Tuesday, March 28, 2017

New Beads from Mary Harding Jewelry

                                                        Tall Beads by Mary Harding Jewely

For some time now I have been experimenting and making ceramic beads with the higher fire clay bodies of Porcelain and Stoneware.  Previously I pretty much only used earthenware ceramic clay which is also called a low fire clay.  The picture above features a porcelain bead on the far left the 2 stoneware beads.  I especially like making these beads in high fire clay.  They feel both ancient and extremely durable.  The ability to stamp and draw on all sides of a hollow beads is a skill I learned from the amazing polymer clay artist Claire Maunsell.  She is coming out with an ebook this Spring on surface treatments in polymer clay that you may want to be on the lookout for.  I know I will be. And  she has a great online class  HERE .
I have made a number of these hollow open bottom beads lately as seen below:
 I have been using some texture plates of my own which feature wood structure and plants.  I have also experimented with drawing on some of the details.  Some of the more intricate details are from a commercial stamp.
In this set I experimented with different  surface designs

                                                I especially like these shapes
                                                    More shape experimentation

For coloration, I have used an iron oxide wash
Iron oxide wash--I diluted it with some distilled water  and then painted it on each bead-- using a generous amount and let them dry.

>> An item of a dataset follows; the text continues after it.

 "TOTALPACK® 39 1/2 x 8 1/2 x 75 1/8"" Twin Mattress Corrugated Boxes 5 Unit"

Then I wiped some off with a wet sponge.  This is how they looked when I put them into the kiln for the Cone 5 firing.  They came out a rich deep dark chocolate brown.  See pictures above.

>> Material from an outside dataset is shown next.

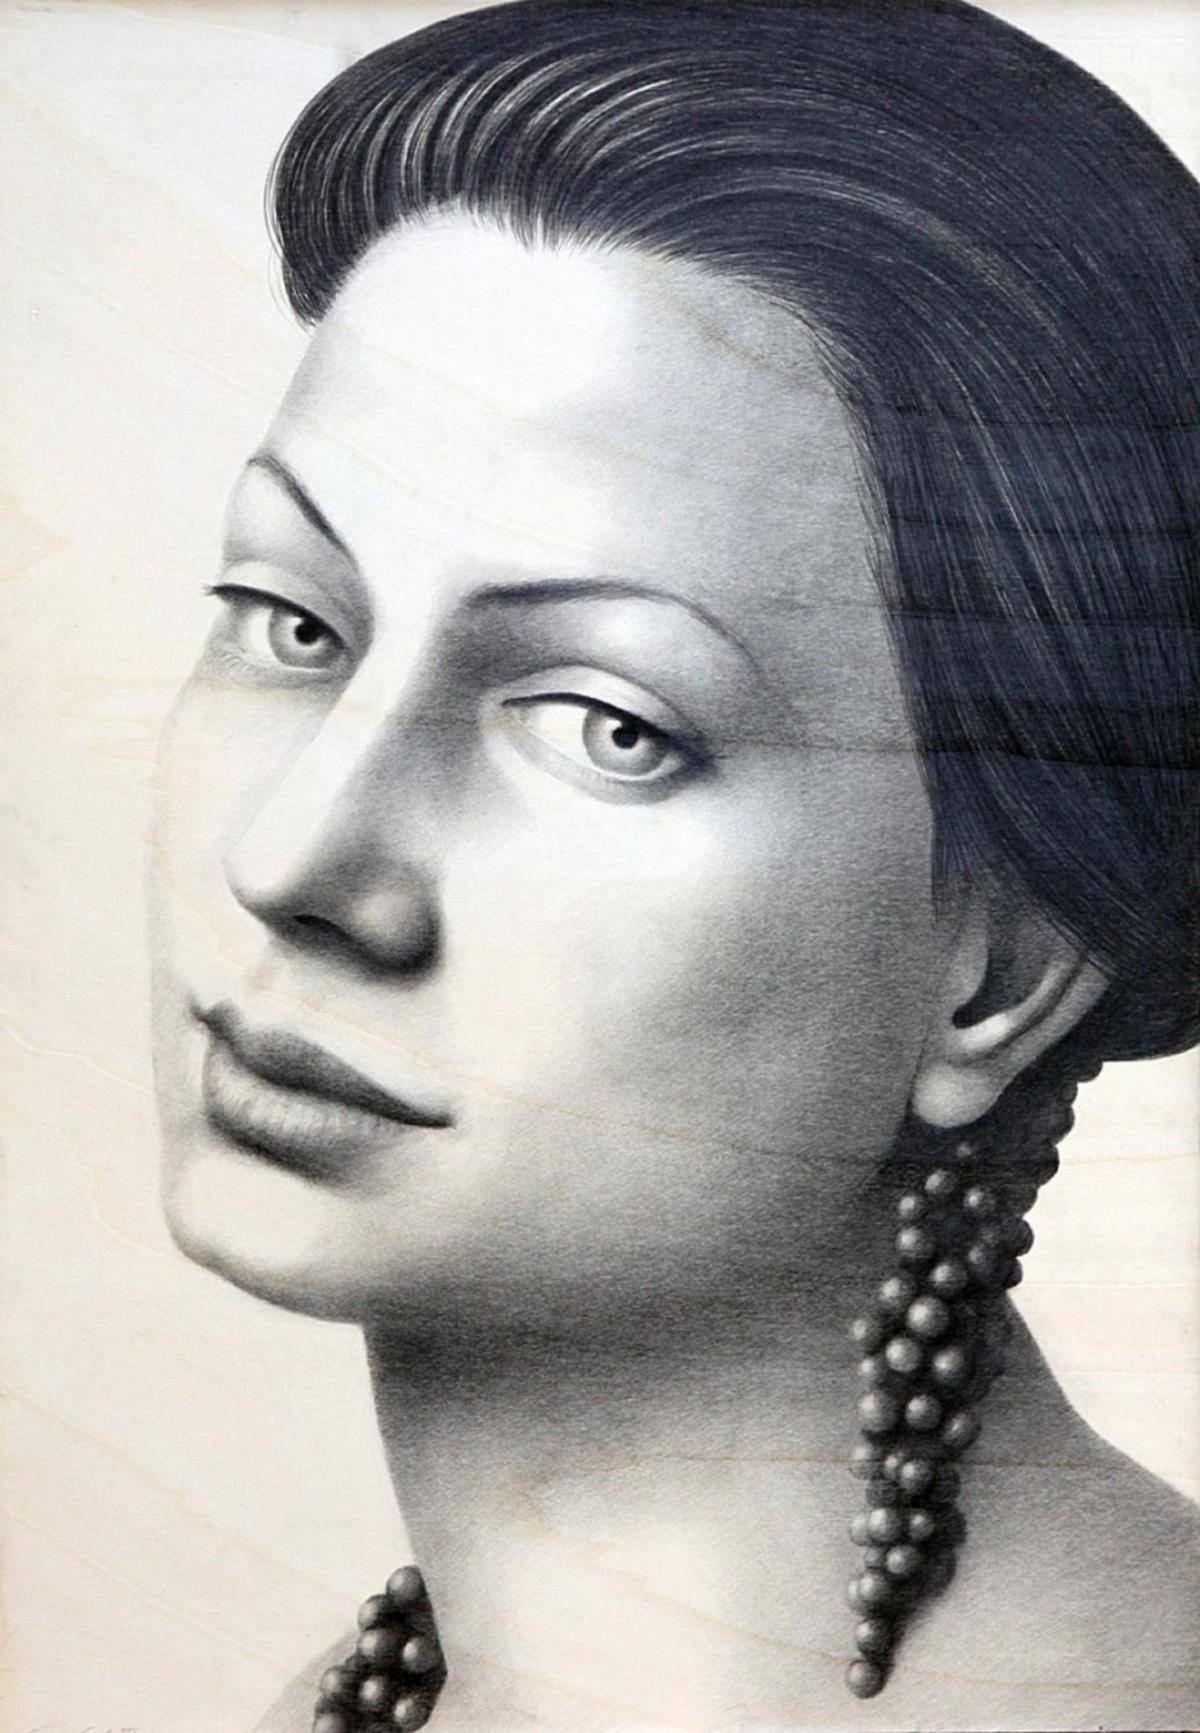 Franco-Giletta-2-etra-studio-tommasi

                          Notebook entry for this firing.  I have a small L&L Babydoll  kiln--which I love!!.          

One of the things I have been trying to do consistently is keep a record in a notebook of what I fire in each load and what glazes and process etc. that I used, as seen in the example above.  It is so hard to remember later on.
I also made a lot of hearts that will accompany packages when I send out my work to customers.
These are porcelain.
                                                         Small porcelain heart charms

Now that I have all of these tube beads...what am I going to do with them?   I am planning to  keep some for myself to make  jewelry with.  And some I am saving for the Featured Artisans Trunk Show April 24-April 28 on  the Facebook Group Artisans Create Together.
I am hoping I can come up with a beautiful design with them like Karin Grosset Grange in the necklace below
       Gorgeous  necklace by Karin Grosset Grange  featuring one of my long hollow beads
                                     My dream of how one of these beads might be used!!!

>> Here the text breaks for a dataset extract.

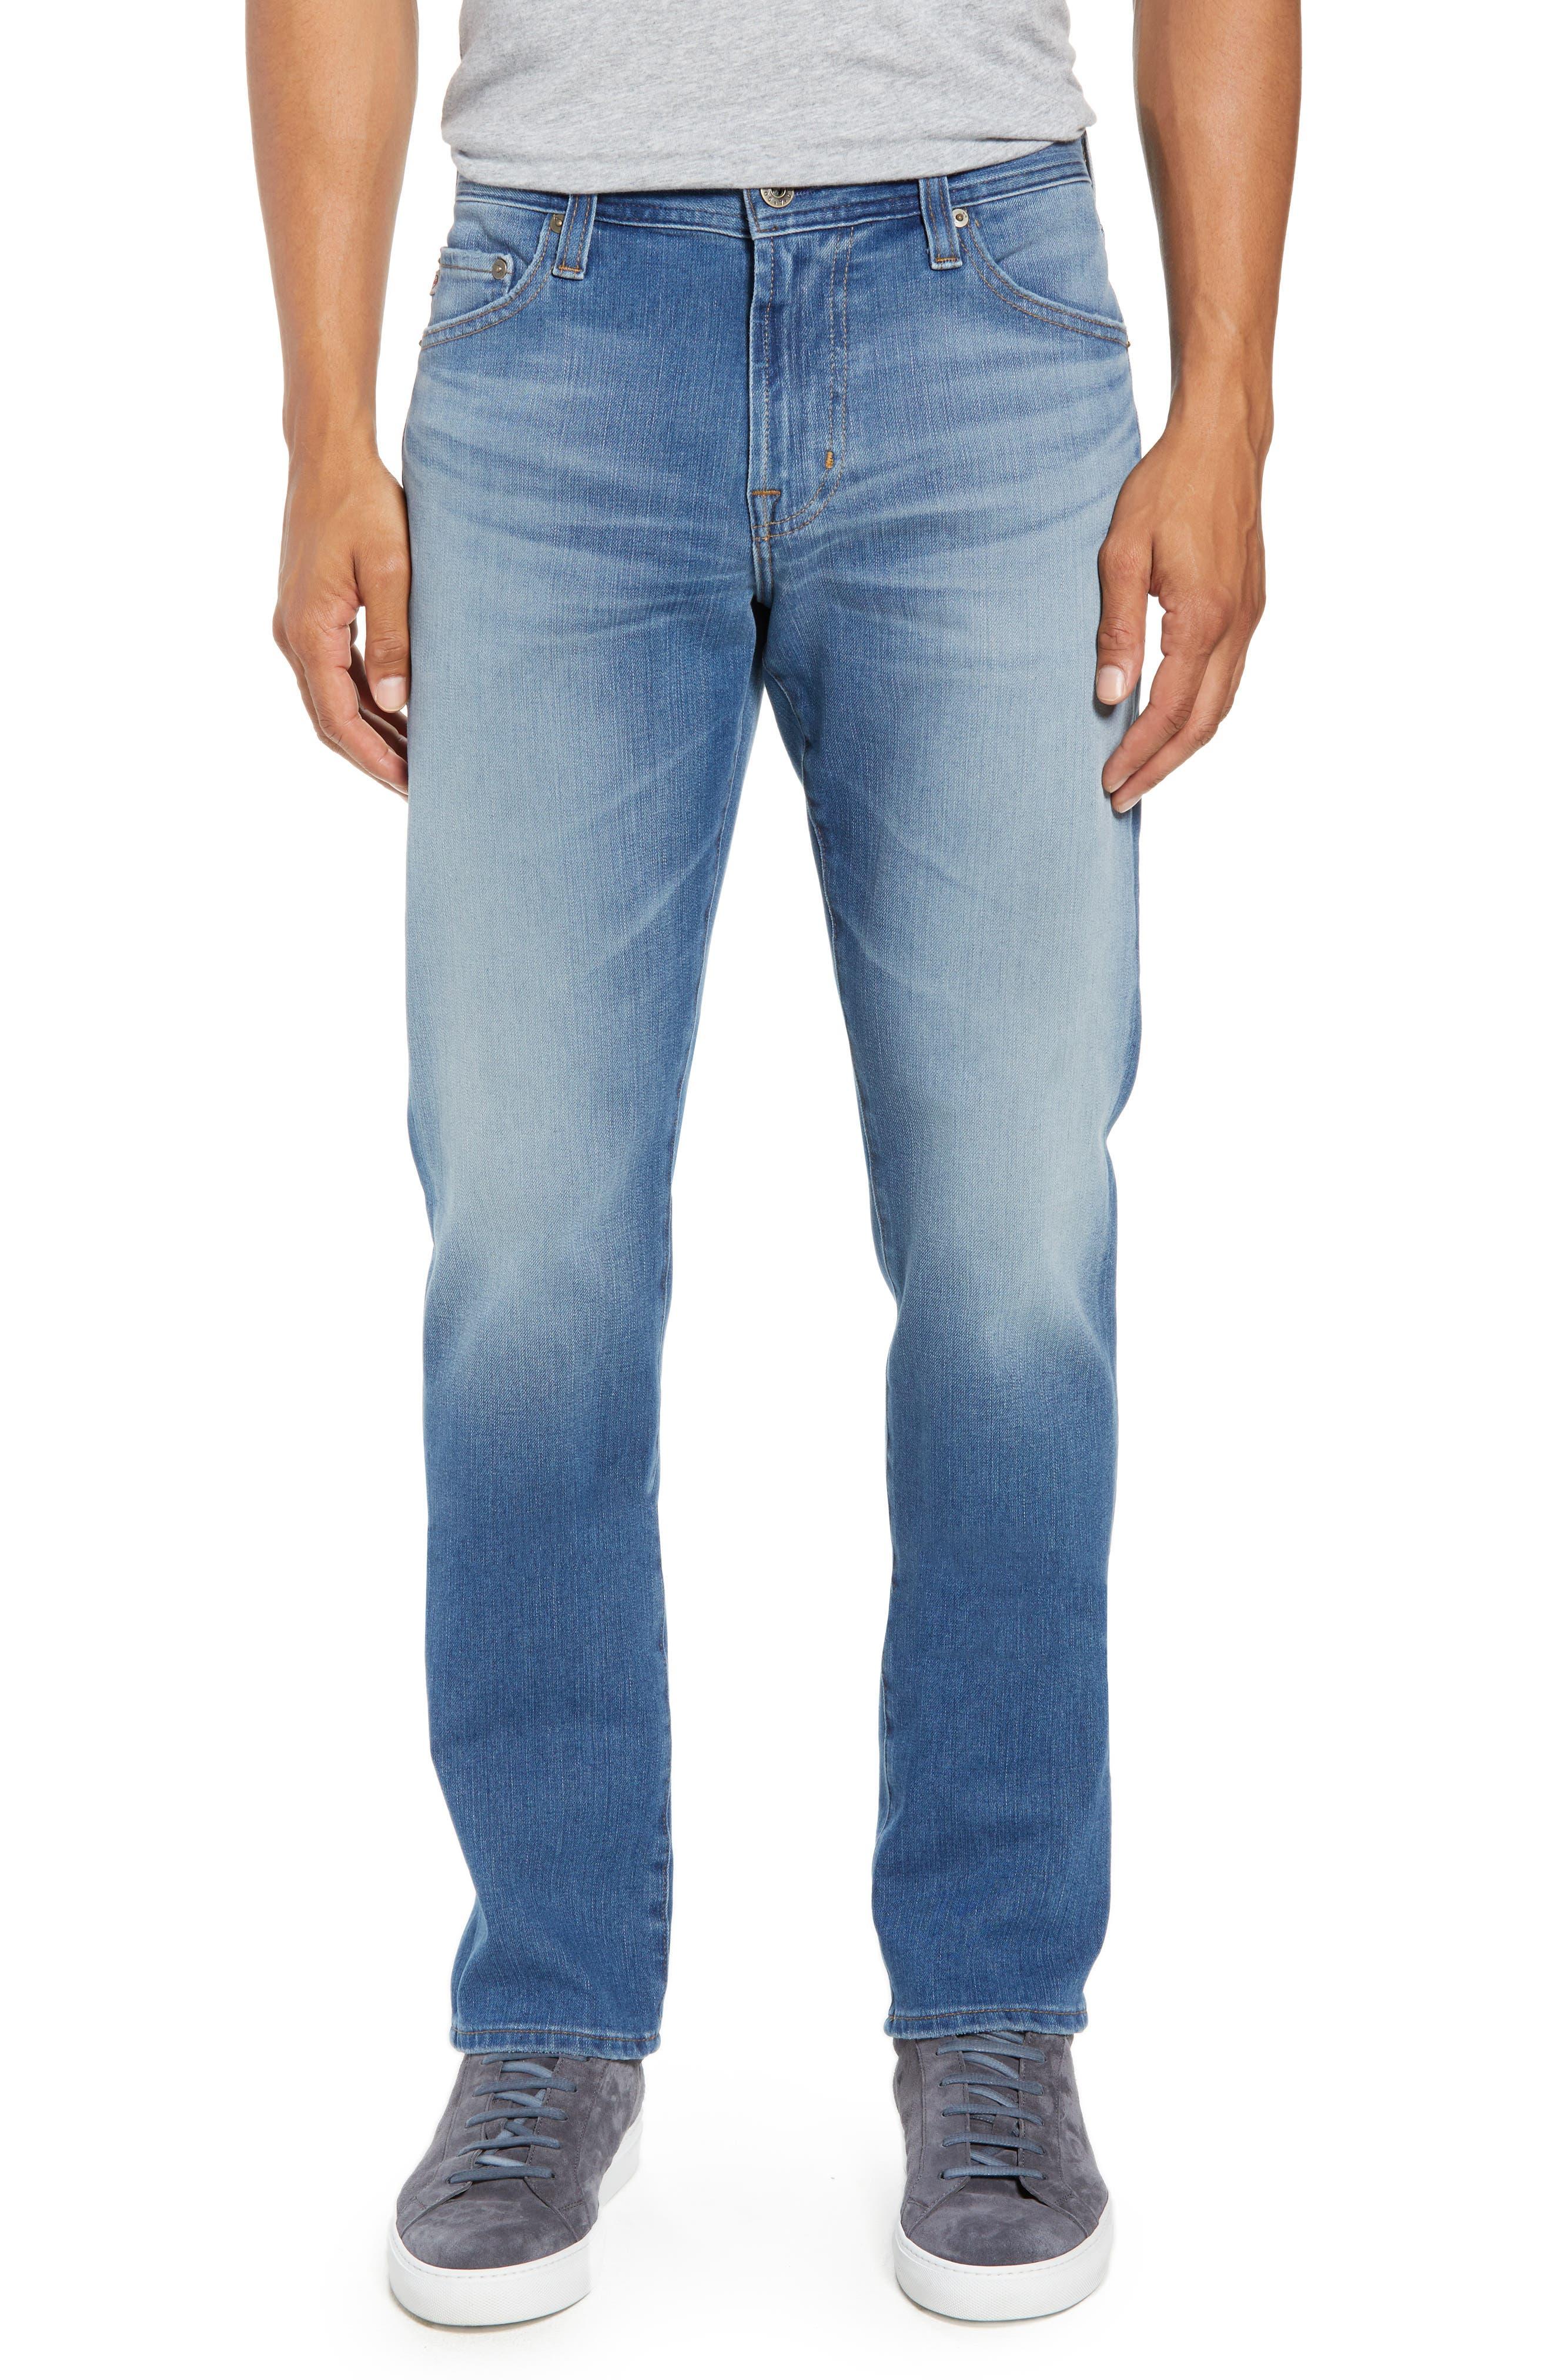 Everett Slim Straight Leg Jeans,                         Main,                         color, 487

Thanks so much for stopping by today.  See you next month with a jewelry designer interview!!


TesoriTrovati said...

Great to see your evolution, Miss Mary! I love the textures and the simple shapes of those natural cones. They look like something unearthed from an ancient archaeological dig. And I adore your hearts. They are some of my most prized pieces from you! <3 Enjoy the day! Erin

baymoondesign said...

Your hearts are adorable! When I saw your hollow beads, I immediately thought of leather or sari ribbon tassels. I think they are going to be wonderful for necklaces.

Unknown said...

They are all totally fabulous... I love the textures and the look of the glaze giving it that ancient artefact vibe!!! I so love seeing your work.

Have a lovely day
Elaine x

Unknown said...

I love the ancient quality and I loved working with porcelain itself too. Porcelain is very strong and the texture feels wonderful to work with at the green ware stage, (for me).
And I just loved my little heart from you it is a great gift - that became - well MINE!!!!

Karin G said...

Mary your beads are gorgeous! Are you planning to put some in your shop? Thank you for showing my necklace, I loved so much using your bead, in fact the whole necklace was built around it, as happens so often with your creations.

Stories They Tell said...

Those are really great, Mary! When used to corral fibers, as in the necklace you posted, they are brilliant! There really is something special about porcelain. Can't wait to see you in April and get my very own supply!

Mary Harding said...

Thank you all for your wonderful, supportive comments. I so appreciate hearing what you think. I do plan to make some of these long beads available in my Etsy and and for the Trunk Show I mentioned in my post. I will be sure to let you all know!!